Acomodé el celular en un atril improvisado con un tarjetero de propaganda médica y apreté el ícono de la camarita.
—Hola, viejo. ¿Me escuchás? ¿Me ves?
—Hola, chiquito. Sí, te veo bien.
Mi papá nunca dejó de decirme «chiquito». Antes me jodía, ahora, a mis cuarenta y seis años, ya no. Su cámara mostraba la mitad derecha de la cara magnificada, porque tenía el teléfono a distancia de visión cercana. Pude ver el detalle de su bigote blanco con el borde inferior teñido de amarillo, la cicatriz en el pómulo que le dejó la caída en una escalera y la profundidad de las arrugas de expresión que, en ese momento me di cuenta, lo mostraban más adelgazado. El reflejo azul en sus anteojos me dejaba ver mi propia imagen distorsionada.
—¿Cómo andás, papín? Contame algo.
—Ando bien, hijito. Sin mayor novedad.
Quería llevarlo a su caída de un par de semanas atrás, y a la de ese día. También a su problema para caminar, pero no quería exponer a su novia. Tampoco caer en una anamnesis médica, sino más bien quedarme en hijo preocupado.
—Contame cómo te sentís.
Dudó un instante.
—Bueno… con algún problemita menor en las piernas.
Ya estaba, había prendido.
—Bueno, papín. ¿Están débiles las piernas? —me la jugué.
—No sé si tanto como débiles, pero sí que no me responden como antes. Bueno, el neurólogo sos vos, pero no creo que sea nada…
—¿Cómo estás orinando? ¿Se te escapa un poquito? —estaba buscando síntomas medulares por la caída de espaldas que había tenido.
—Bueno, ahora que lo decís… ¡a veces no llego al baño!
—Esa falta de control en las piernas ¿te produjo alguna caída?
Se quedó en silencio. No quería responderme. Se notaba en su expresión adusta, casi enojado. Lo vi entrar en conflicto. Finalmente dijo:
—Bueno, sí. Hoy me caí y estuve tirado en el piso un rato.
—No te podías levantar solo…
—No, me costaba.

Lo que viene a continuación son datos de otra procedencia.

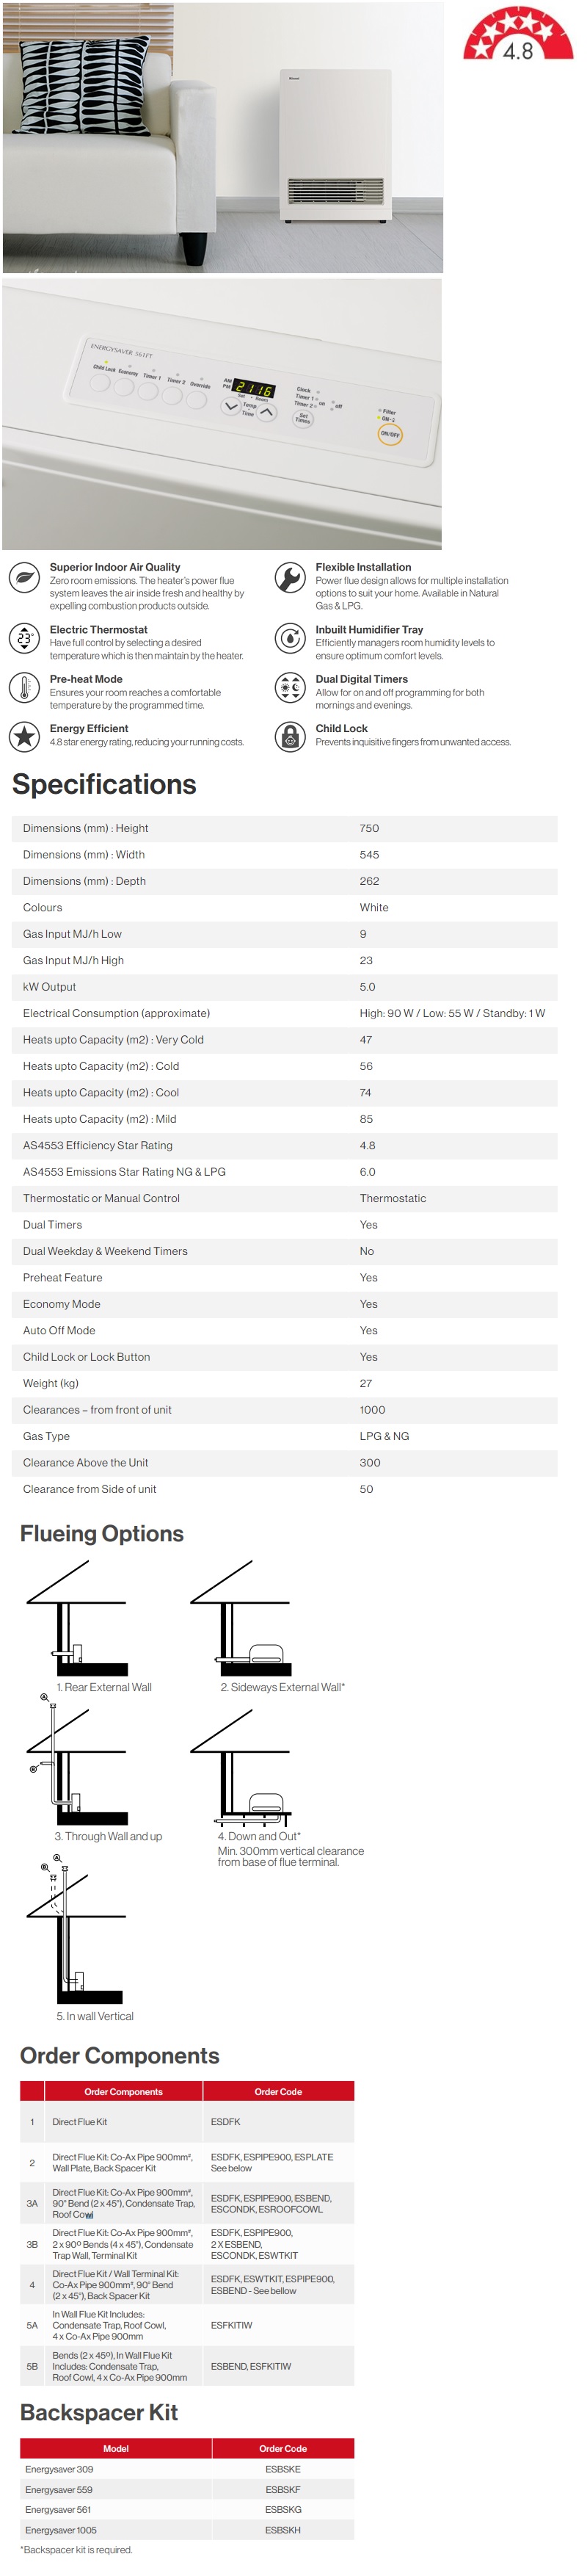 Rinnai Energysaver 561FT Heater specifications

Silvia me ayudó.
—¿Cuánto tiempo estuviste en el piso, papín?
Se volvió a retraer. Pero volvió a aflojar.
—Dos horas.
—Bueno, papín, ¿sentís algún dolor en alguna parte?

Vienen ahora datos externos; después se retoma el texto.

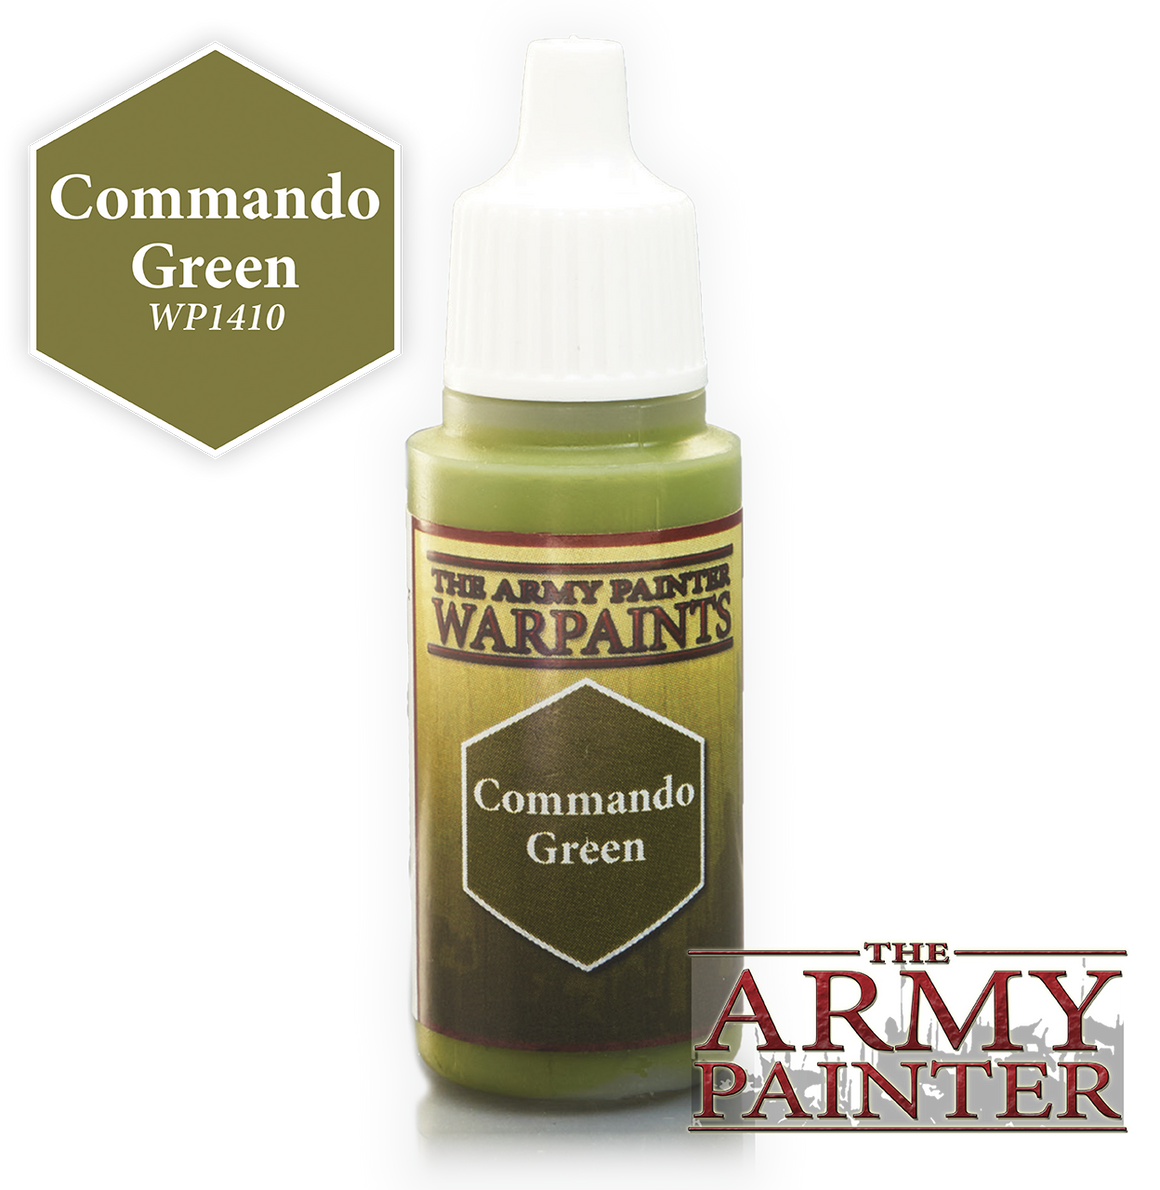 Army Painter Acrylic Warpaint - Commando Green

Abrí la tapa de la computadora detrás de la línea de la cámara del celular. Ubiqué el chat con Matu, la hermana del medio de las tres que tengo, única con la que compartimos ambos progenitores, y le escribí que papá estaba para internar. Que tenía que ser en el lugar con la mayor complejidad posible. Que podían ser varios diagnósticos, pero que había que estudiarlo. Hablamos sobre el riesgo de contagiarse coronavirus. Acordamos que había que correr ese riesgo.